● **Task objective**:
Only the pictures are to be dropped; the rest of the data below is to be duplicated exactly.

● **Exercise data**:
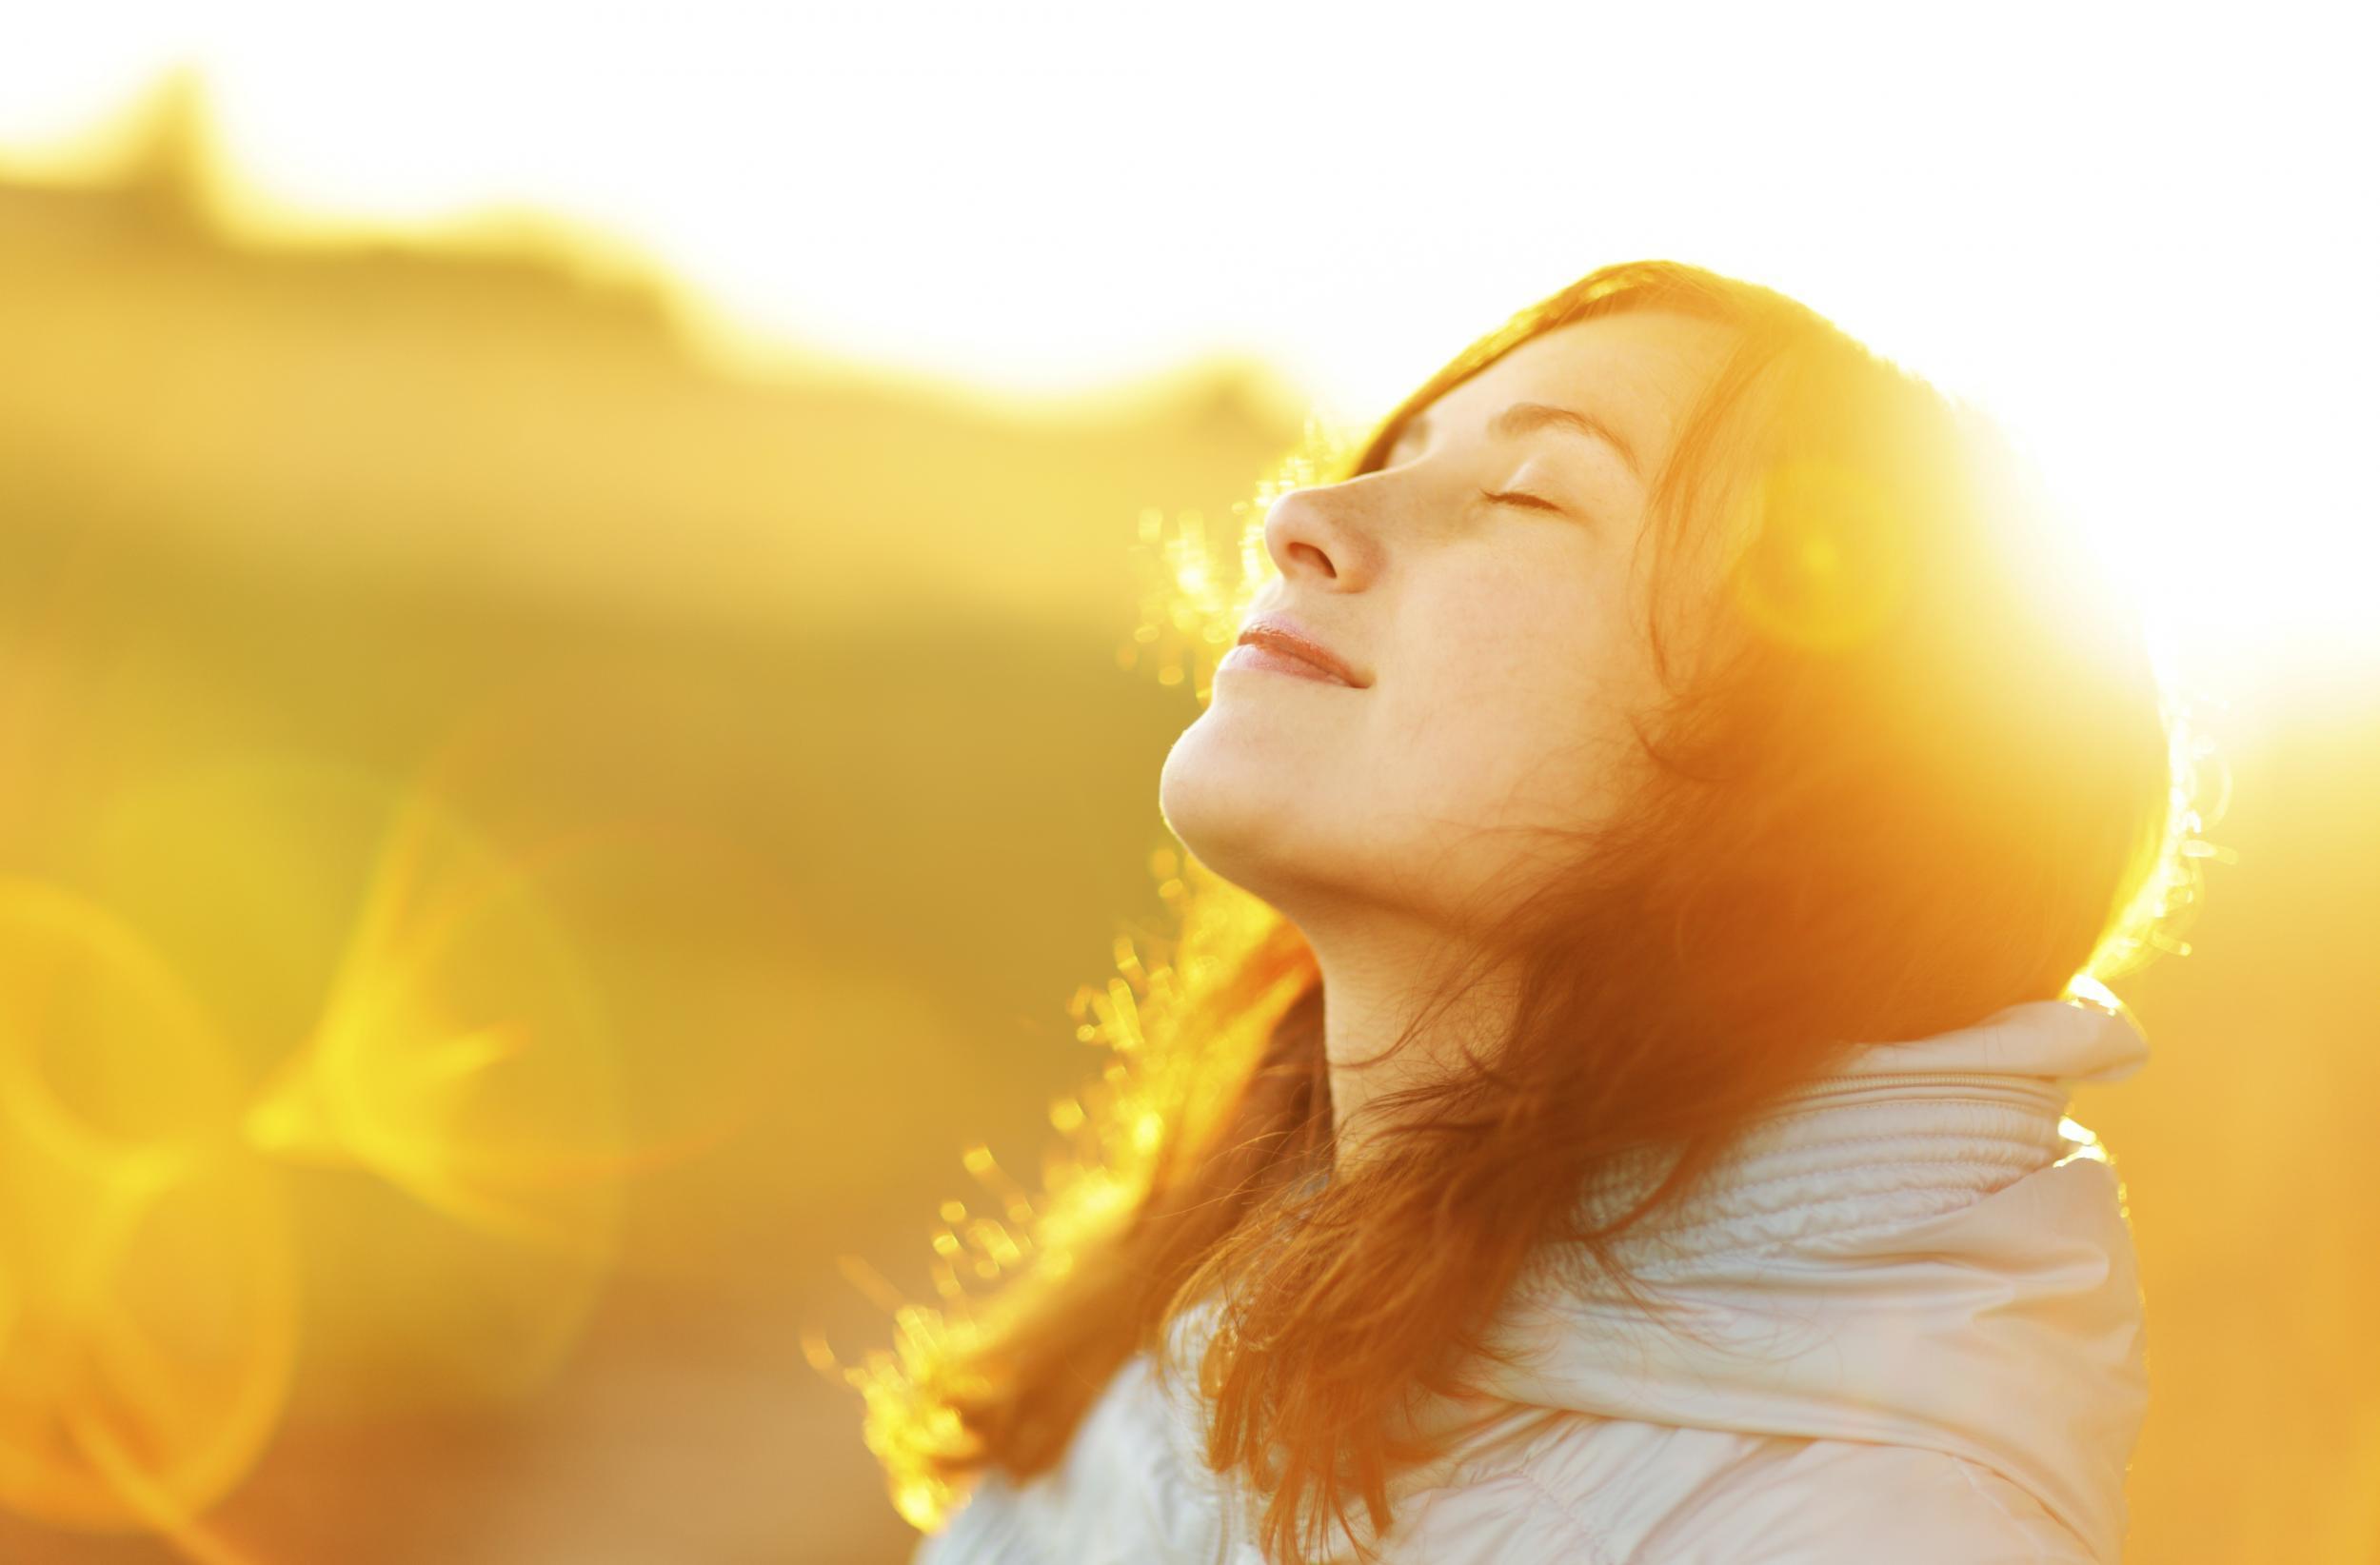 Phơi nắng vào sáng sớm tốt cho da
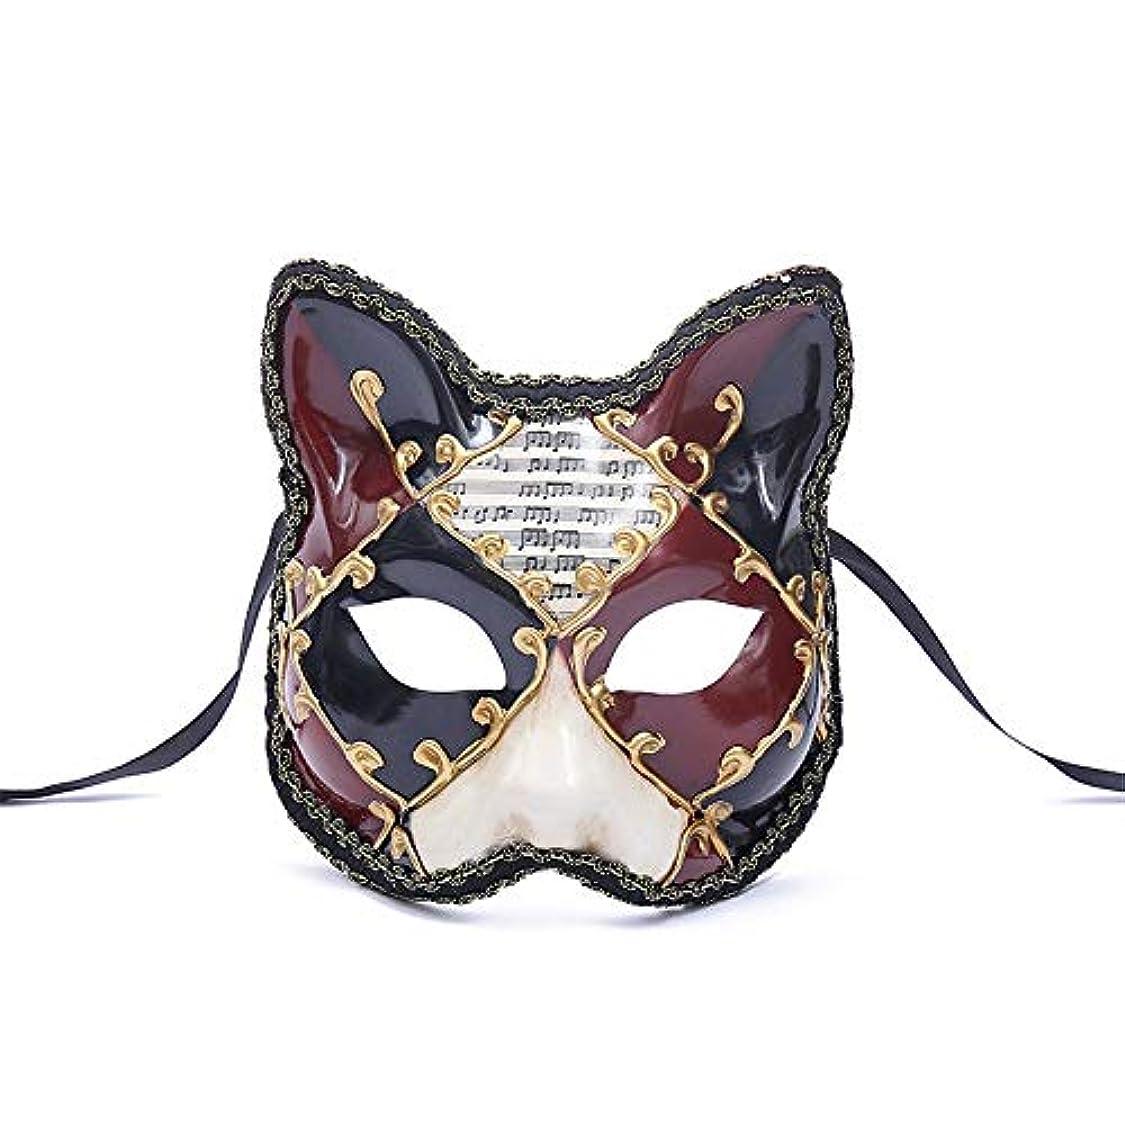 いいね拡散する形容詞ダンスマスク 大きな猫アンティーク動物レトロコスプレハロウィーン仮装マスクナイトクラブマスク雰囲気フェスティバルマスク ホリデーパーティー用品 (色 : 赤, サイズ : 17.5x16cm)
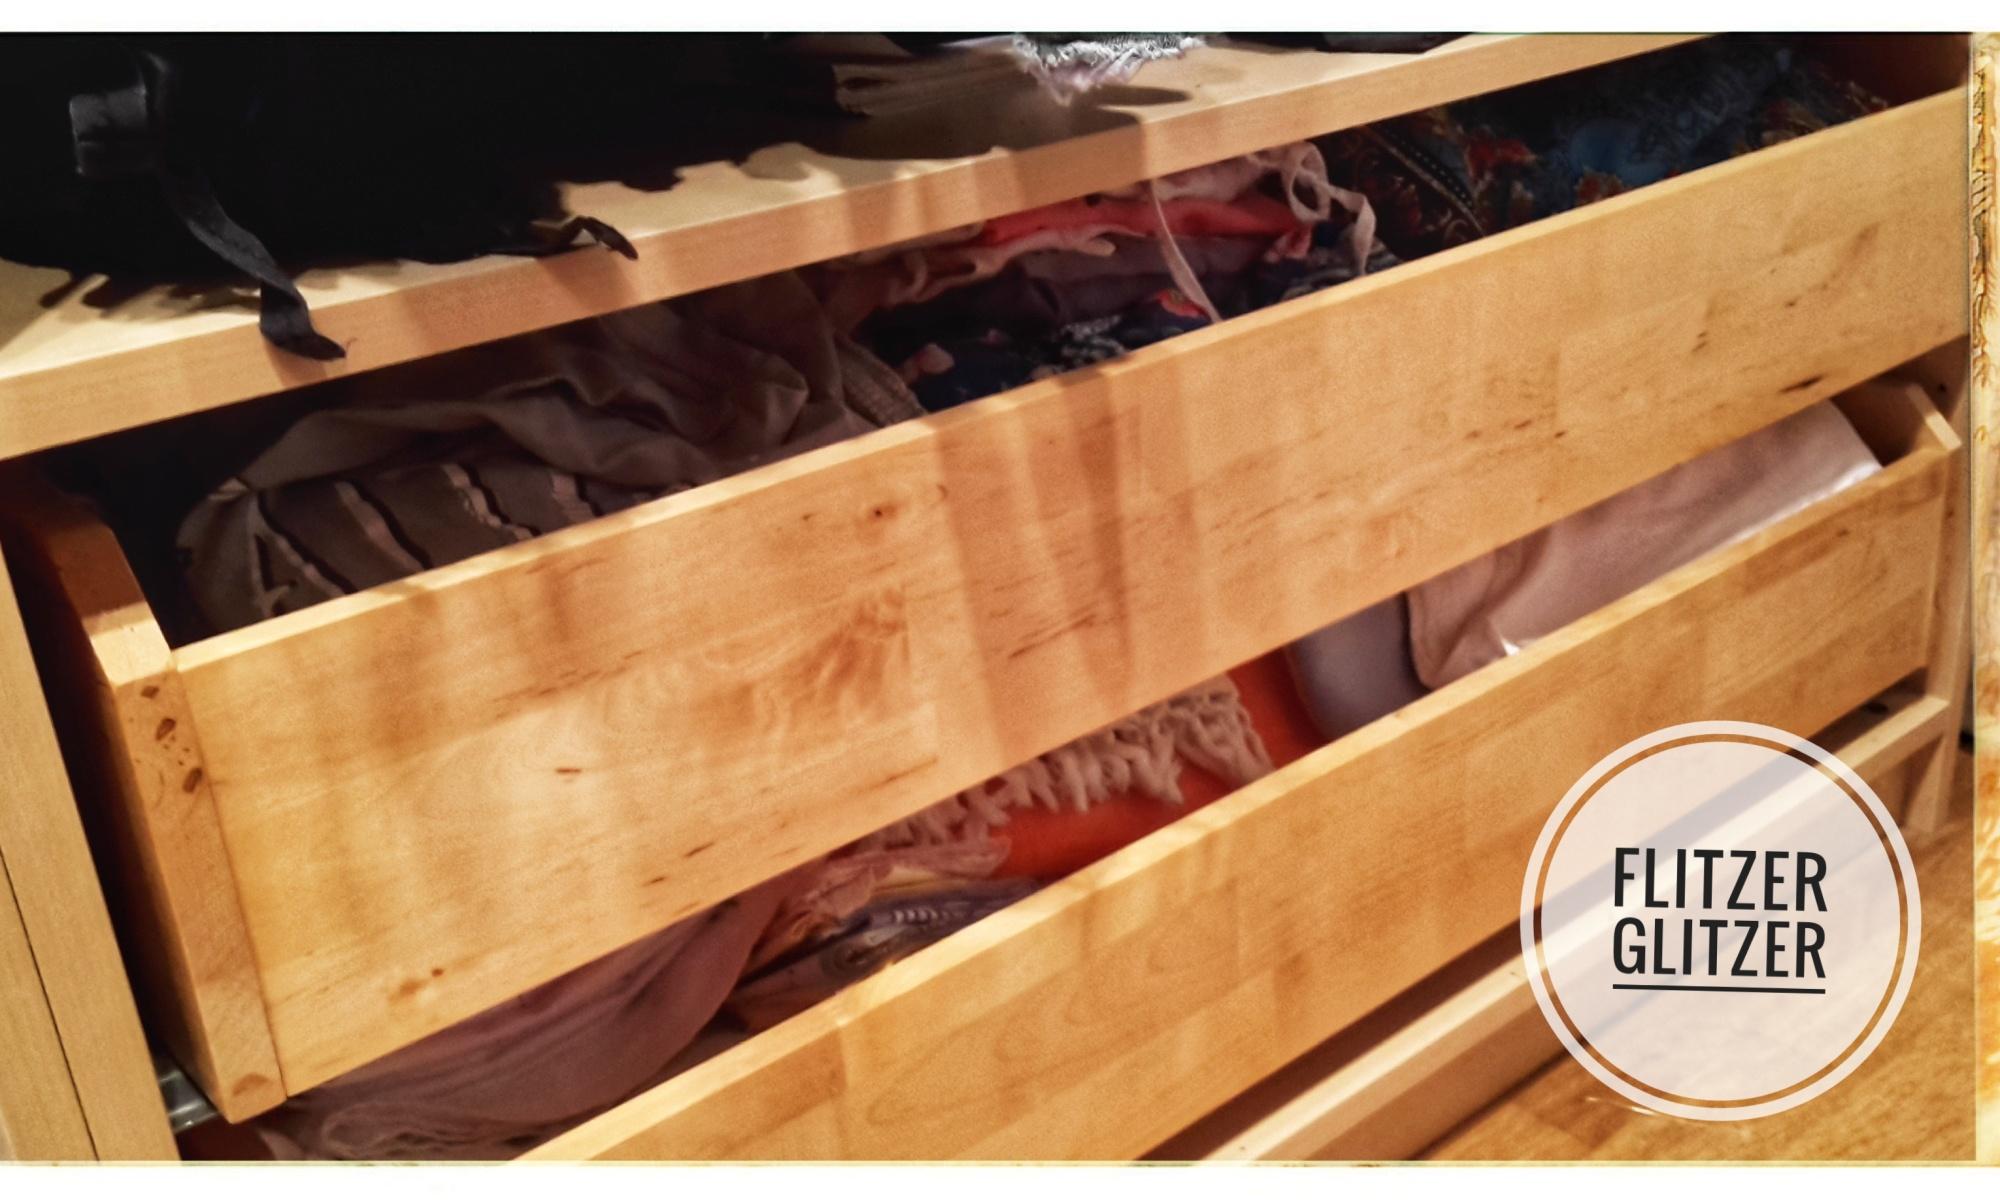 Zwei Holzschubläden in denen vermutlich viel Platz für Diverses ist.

● **Completed exercise**:
 Phơi nắng vào sáng sớm tốt cho da
 いいね拡散する形容詞ダンスマスク 大きな猫アンティーク動物レトロコスプレハロウィーン仮装マスクナイトクラブマスク雰囲気フェスティバルマスク ホリデーパーティー用品 (色 : 赤, サイズ : 17.5x16cm)
 Zwei Holzschubläden in denen vermutlich viel Platz für Diverses ist.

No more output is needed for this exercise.